The grievance of the assessee read as under :-
1. That the learned Commissioner of Income Tax (Appeals) National Faceless Appeal Centre (NFAC), New Delhi has erred both in law and, on facts in upholding the order concluding that the appellant is 'assessee-in-default for a sum of Rs. 72,15,932/- u/s 201(1) of the Act and Rs. 60,61,383/- u/s 201(1A) of the Act.
2. That the learned Commissioner of Income Tax (Appeals) National Faceless Appeal Centre (NFAC), New Delhi has erred both in law and on facts in dismissing the appeal by observing that "appellant has applied for Vivad Se Vishwas Scheme -2020 and Form No. 5 dated 22.2.2021 has been issued/granted to the appellant which is uploaded on 22.2.2021 under VSVS- 2020. Hence, this appeal has become infructuous.
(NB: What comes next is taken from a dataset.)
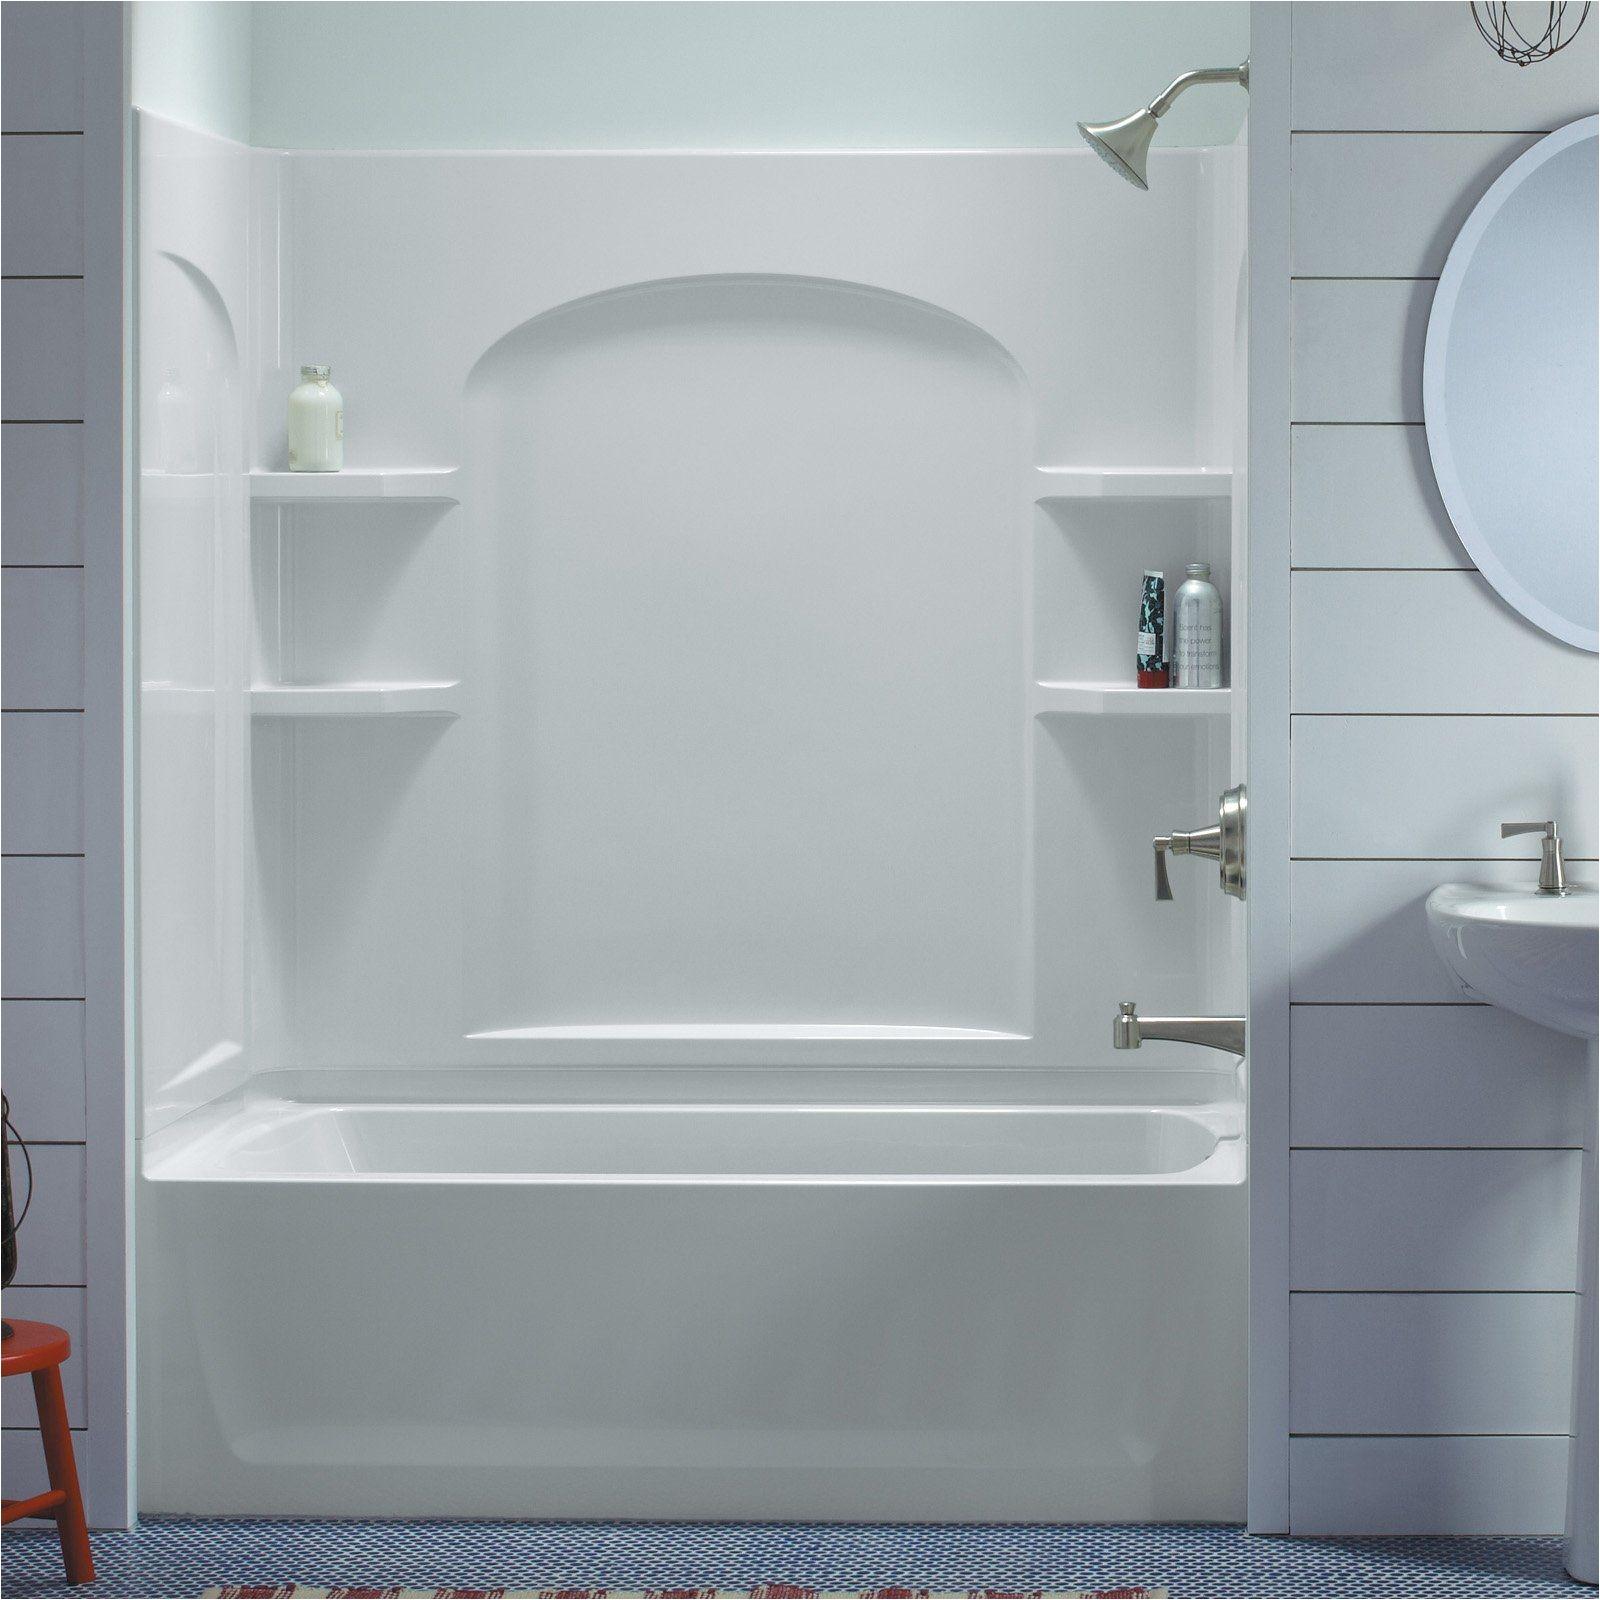 sterling ensemblea¢a¢ 60w x 74h in curve bathtub shower bo 811 99

Thus appeal is dismissed as withdrawn". The finding is factually incorrect, legally misconceived and wholly untenable.
3. That furthermore the learned Commissioner of Income Tax (Appeals) National Faceless Appeal Centre (NFAC), New Delhi has erred both in law and on facts in upholding the conclusion of the learned Assessing Officer that appellant was obliged to deduct TDS u/s 194A of the Act against on interest of Rs. 7,21,59,321/- to Board of School Education, Haryana Bhiwani during the financial year 2013-14 relevant to assessment year 2014-15.
3.1 That the learned Commissioner of Income Tax (Appeals) National Faceless Appeal Centre (NFAC), New Delhi, has failed to appreciate that since income of the Board was eligible for exemption u/s 10(23C)(iiiab) of the Act, there was no obligation to deduct TDS u/s 194A of the Act.
That the learned Commissioner of Income Tax (Appeals) National Faceless Appeal Centre (NFAC), New Delhi has failed to appreciate that order dated 18.3.2021 u/s 201(1)/ 201(1A) of the Act for the financial year 2013-14 relevant to assessment year 2014-15 1 was barred by limitation and therefore deserved to be quashed as such.
That since notice dated 18.3.2021 u/s 156 of the Act enclosed with order dated 18.3.2021 u/s 201(1)/201(1A) of the Act was without DIN No. and the same was in violation of CBDT Circular No. 19/2019 requiring mandatory DIN No. and therefore both the notice u/s 156 and impugned order dated 18.3.2021 u/s 201(1)/201(1A) of the Act are also otherwise illegal, invalid and non-est order.
That both the authorities below have framed the impugned order without granting sufficient proper opportunity to the appellant and therefore the same are contrary to principles of natural justice and hence vitiated.
At the very outset the Counsel stated that the first appellate authority has dismissed the appeal as withdrawn on the wrong assumption of fact that the assessee has chosen to settle the dispute under VSVS scheme 2020.
4. It is the say of the Counsel that the impugned appeal was never a subject matter of VSVS scheme and prayed for the restoration of appeal to the files of the CIT(A) to be decided on merits of the case.
5. The DR fairly conceded to this.
6. In our considered opinion if the impugned appeal was never a subject matter of VSVS scheme then the CIT(A) ought to have decided the appeal on merits of the case.
In the interest of justice and fair play we deem it fit to restore the quarrel to the files of the CIT(A) with a direction to decide the appeal on merits of the case.
In the result, the appeal of the assessee is allowed for statistical purpose.
Order pronounced in the open court on 03.04.2024.